## Dataset content:
★ ★ ★

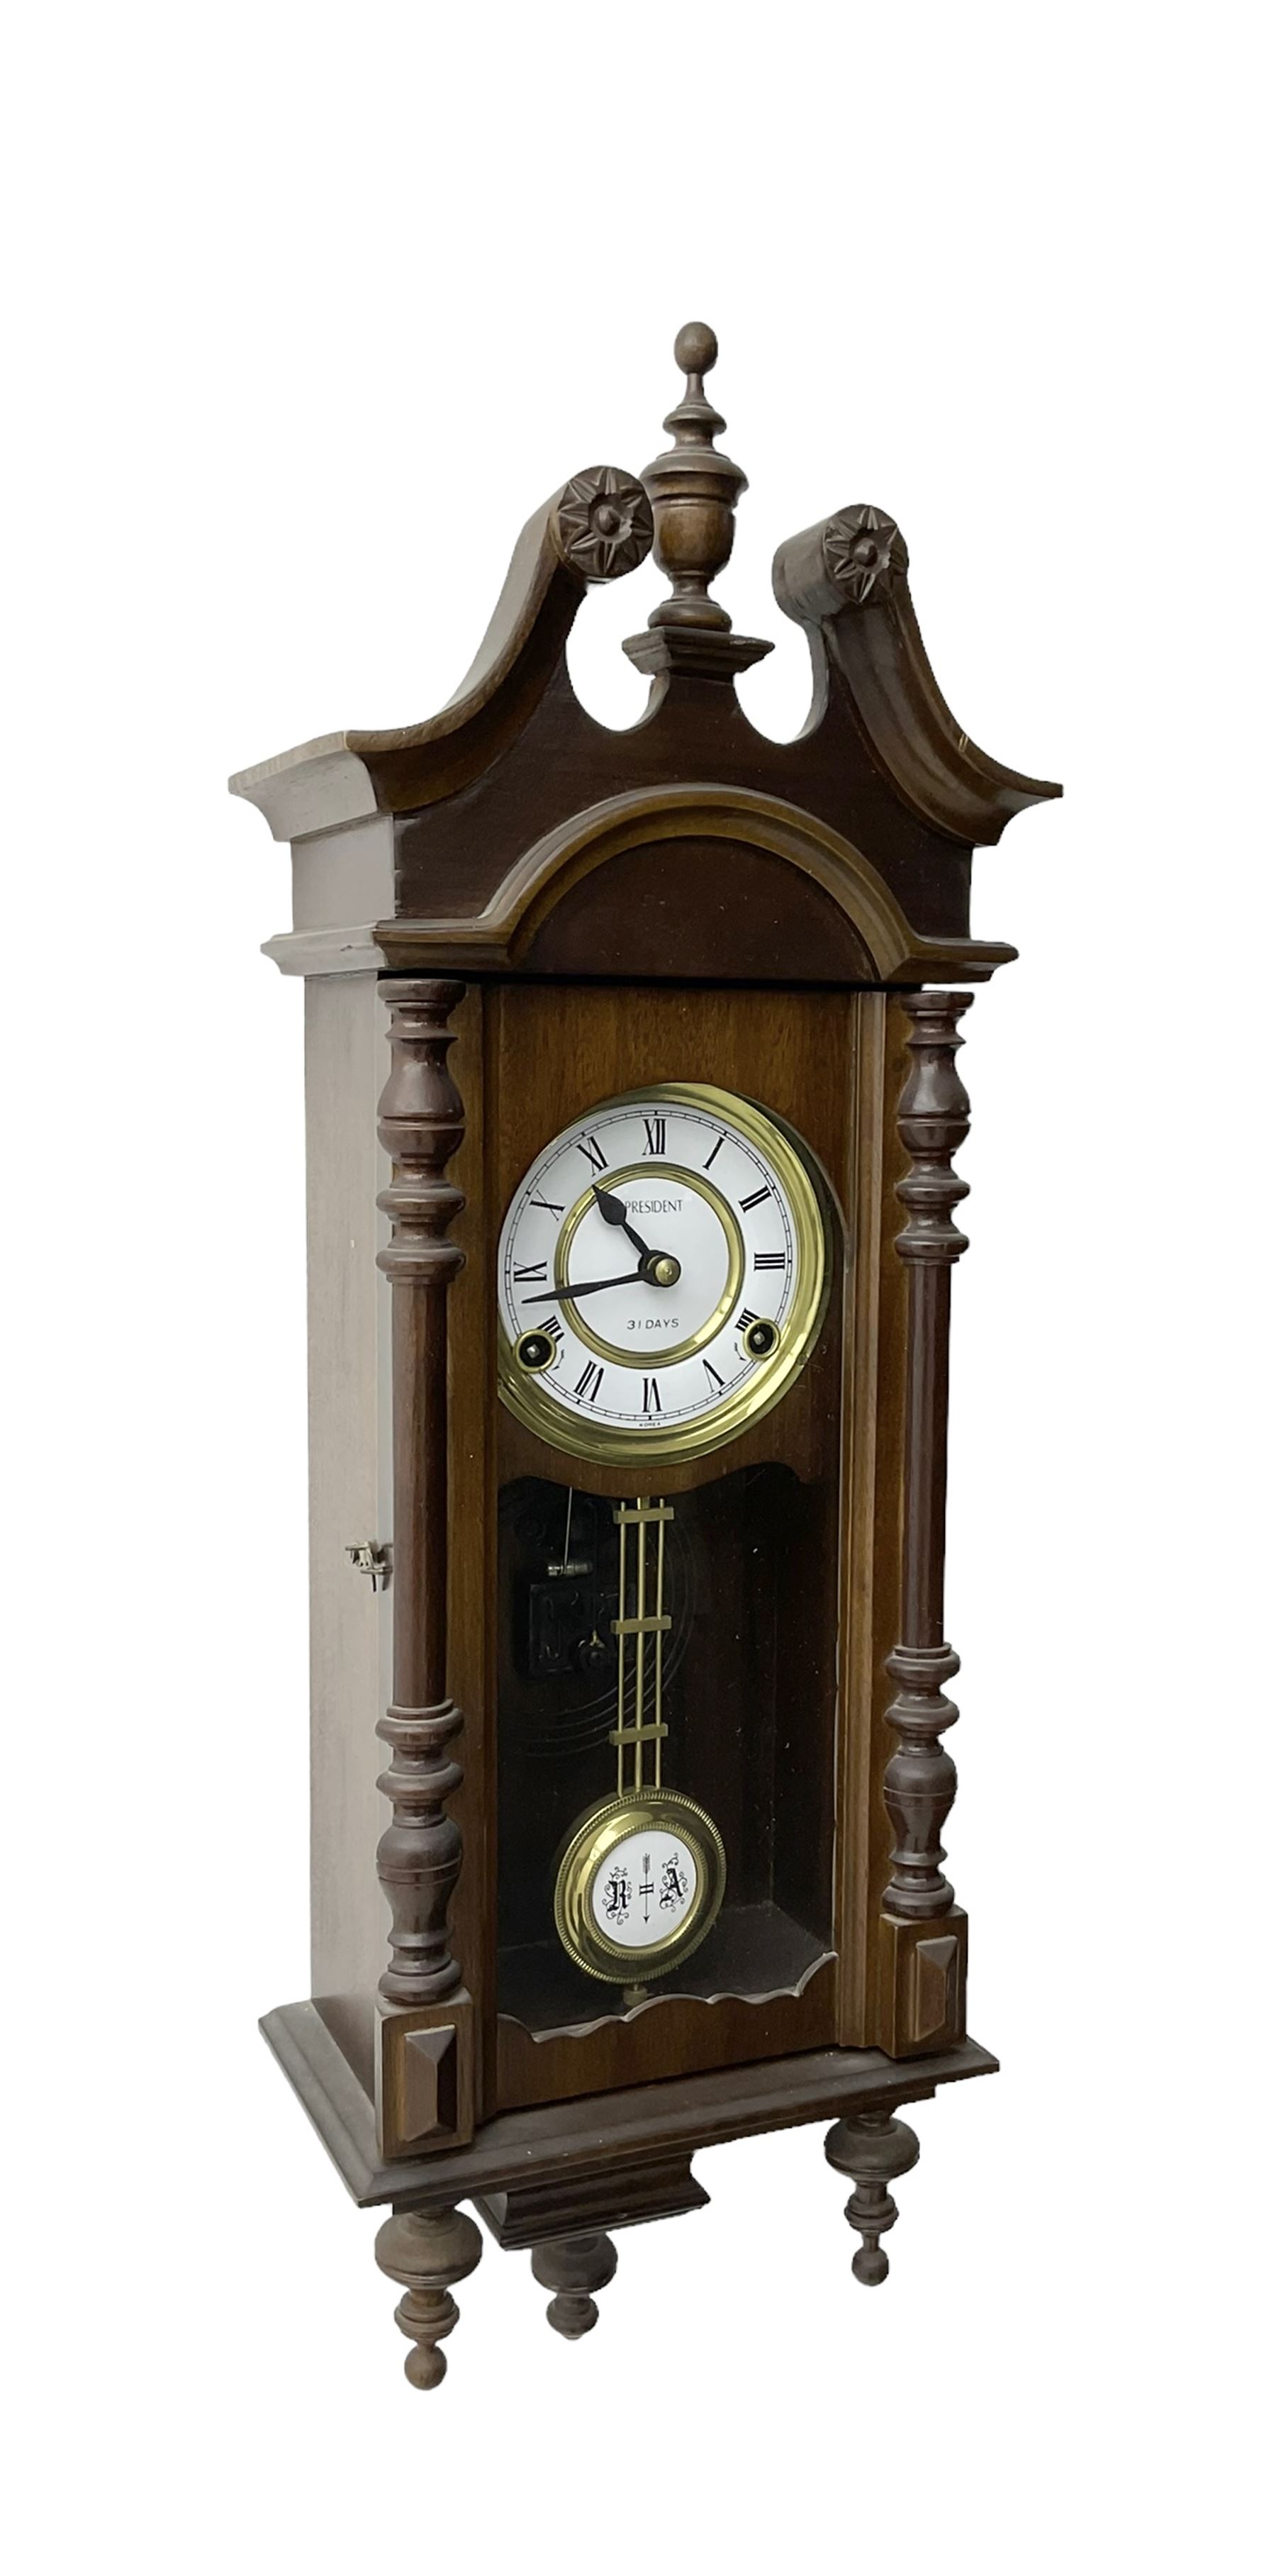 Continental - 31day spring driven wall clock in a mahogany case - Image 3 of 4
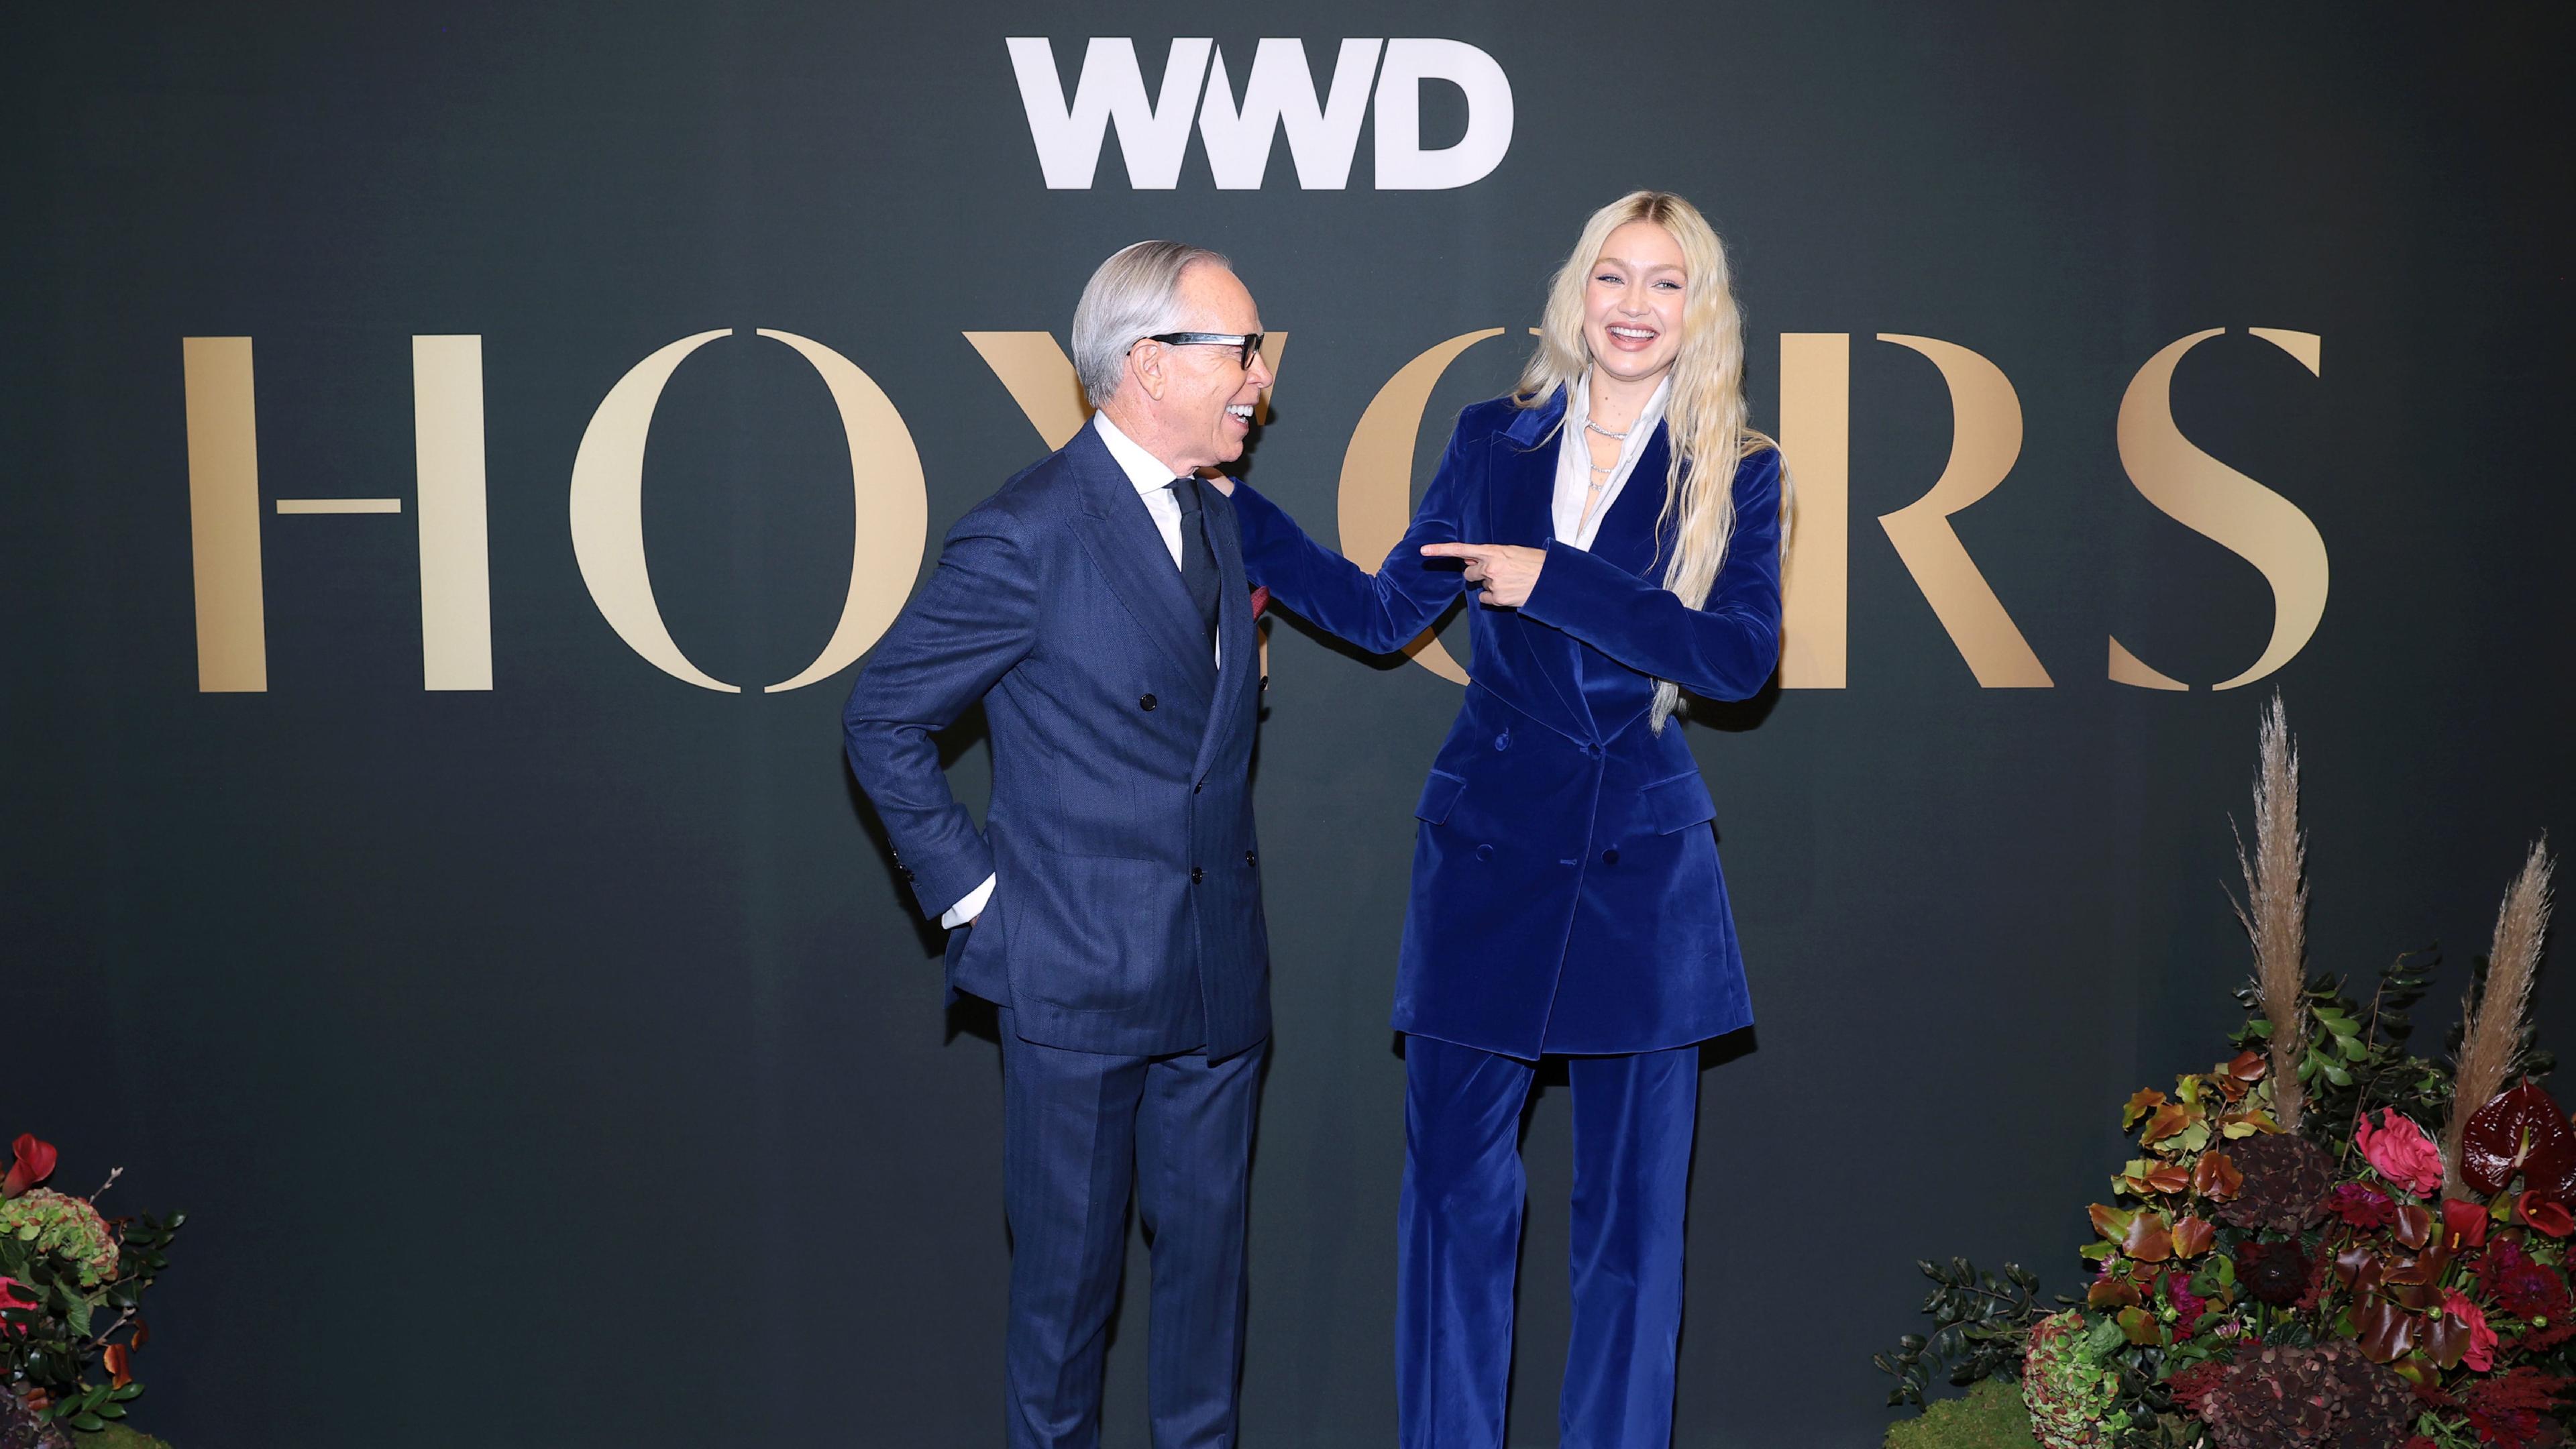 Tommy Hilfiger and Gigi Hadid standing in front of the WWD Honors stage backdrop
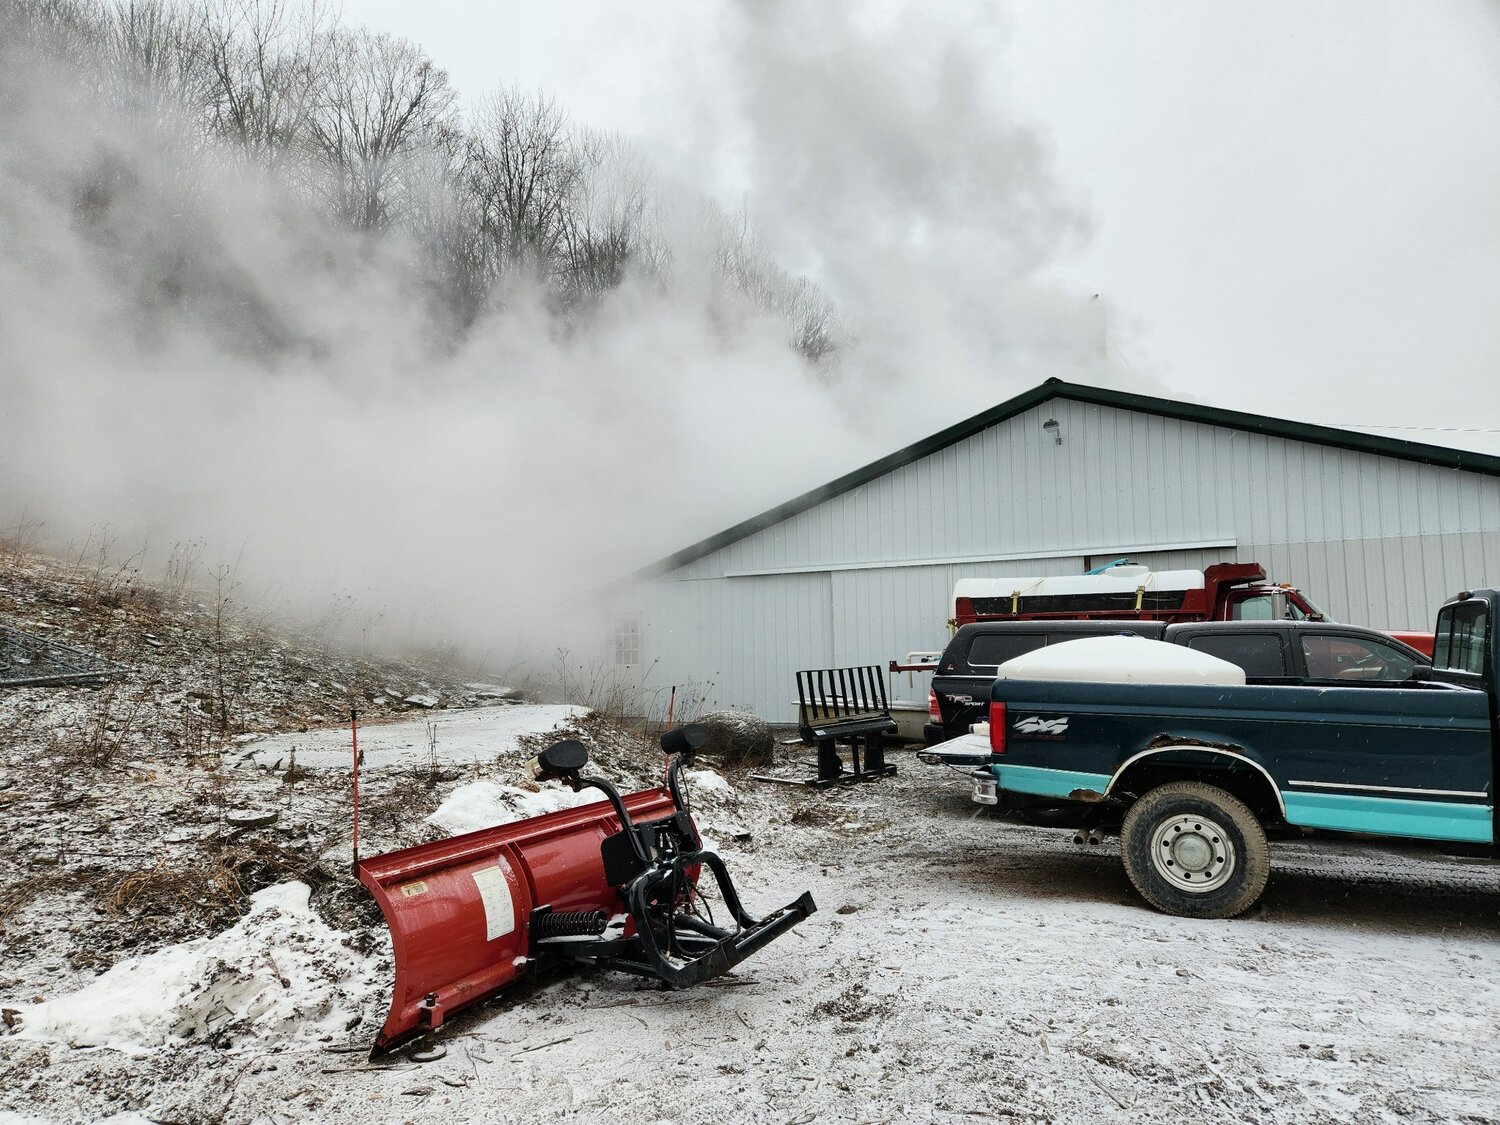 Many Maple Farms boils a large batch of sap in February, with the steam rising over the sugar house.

★ ★ ★

## Exercise description:
Repeat the material above in full and unchanged, minus its images.

## Completed exercise:
 Continental - 31day spring driven wall clock in a mahogany case - Image 3 of 4
 Tommy Hilfiger and Gigi Hadid standing in front of the WWD Honors stage backdrop
 Many Maple Farms boils a large batch of sap in February, with the steam rising over the sugar house.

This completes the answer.